When I told my mother in 2016 that I quit my job in the blog full time, the first thing she said after a long silence was: “Paano pag nawalan ka na nang iluluto”. What happens if you run out of things to cook? She seemed very worried about my decision, but I couldn’t help bursting out laughing. His question was fun, endearing and absurd at the same time.

Filipino cuisine is so rich and full of history and several regional flavors; I don’t think running out of food to blog is a problem. Case in point this humba. The preparation and cooking procedure is similar to our recipe for pineapple pork marinade, but add some additional ingredients such as tausi and banana flowers, and you have a new dish to explore!

What is Humba

Humba (homba), which literally translates as tender pork (buzz) (ba), is a dish of Visayan stewed pork similar to the classic marinade.

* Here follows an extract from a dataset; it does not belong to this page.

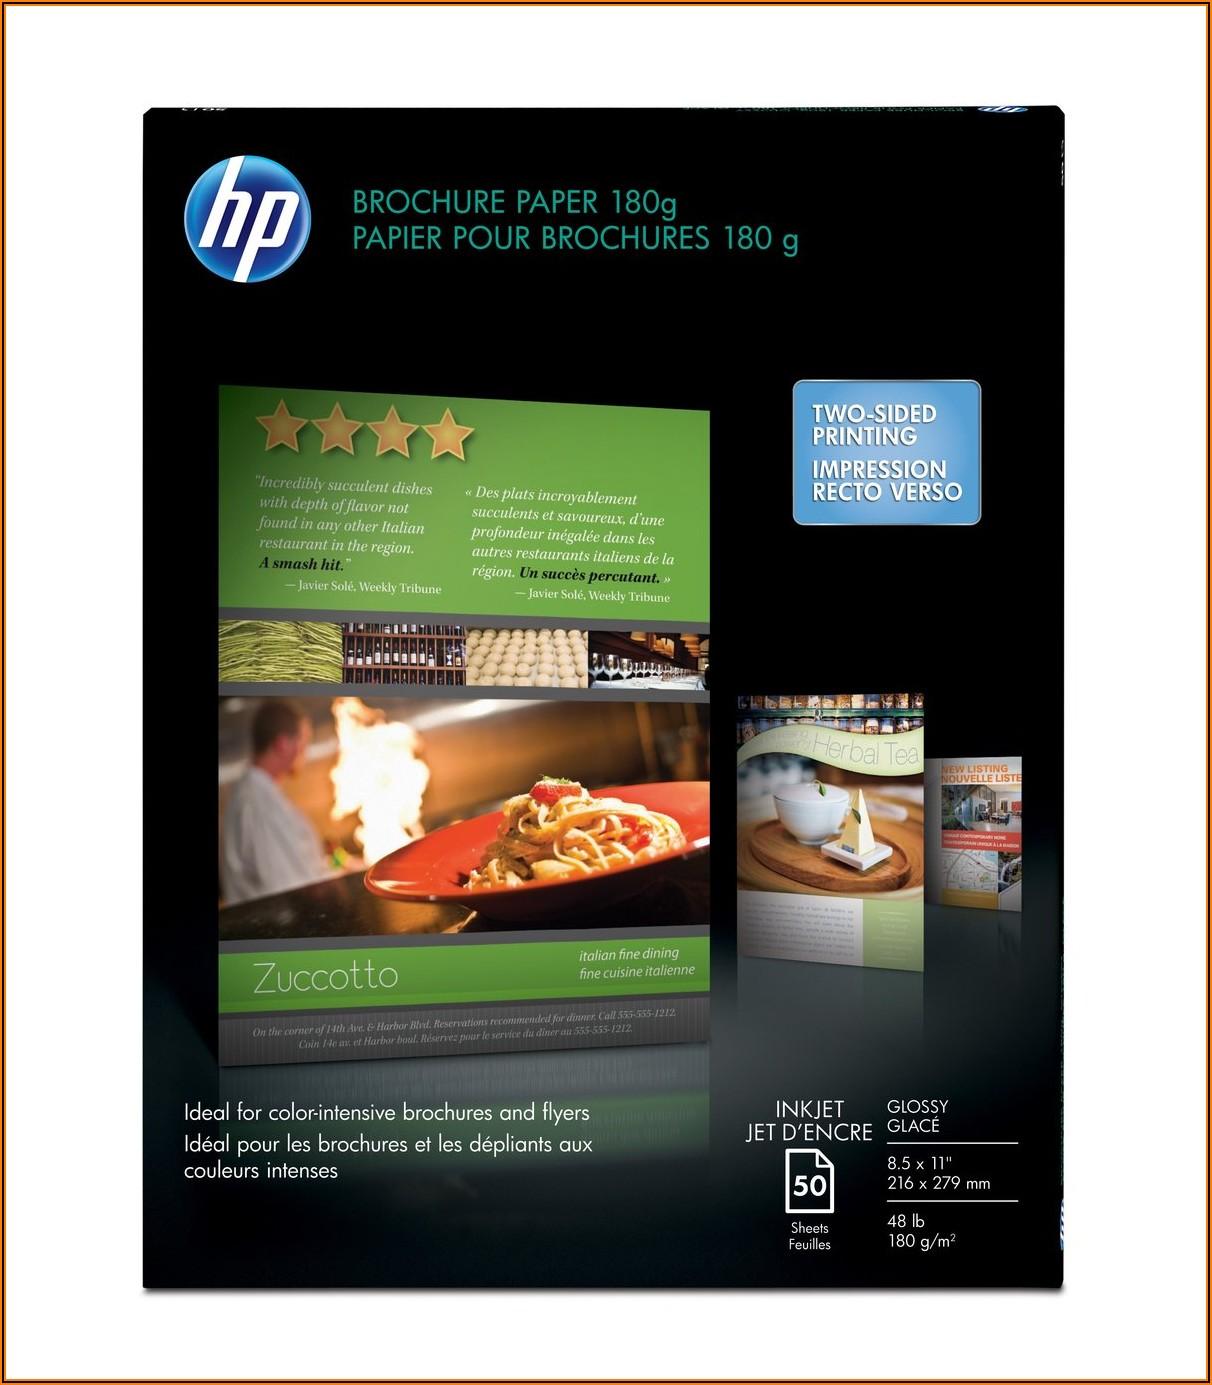 Hp Brochure Paper 180g Glossy 150 Sheets
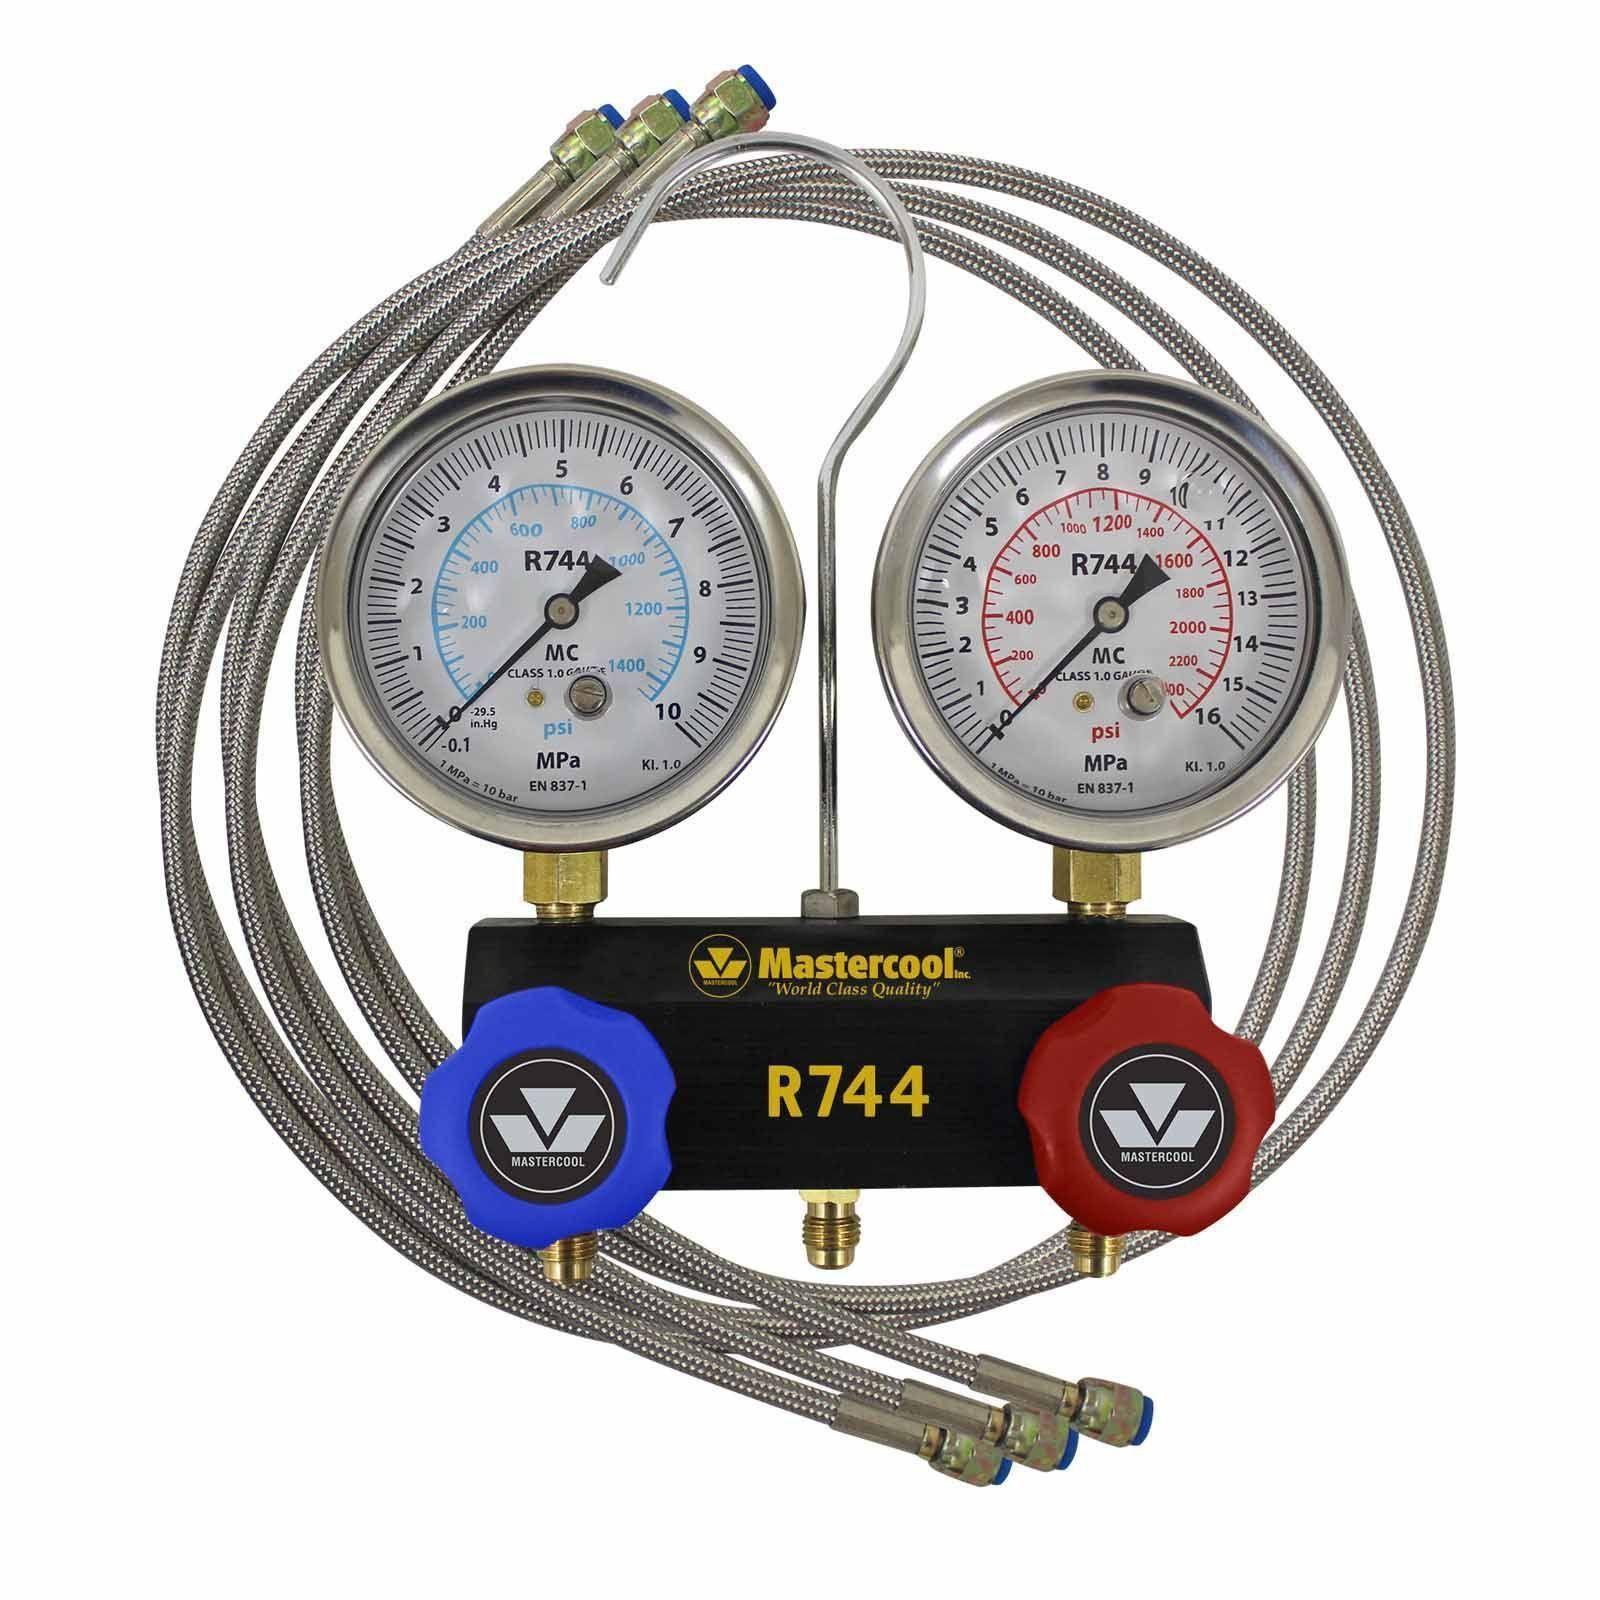 Manifold Pressão C02 R744 Mangueira Trançada 150cm 55661 Mastercool

In this sweeter and fatter regional version, the pork belly is simmered in a mixture of soy sauce, vinegar or pineapple juice and aromatic such as garlic, onion, peppercorns and bay leaf. When the meat is tenderly crumbled, palm sugar, pineapple, fermented black beans and dried banana flowers are added for an additional depth of flavor and texture.

Humba Bisaya, like most Filipino stews, is usually served as a main course, with steamed rice as the perfect canvas for your meat and sweet and salty sauce.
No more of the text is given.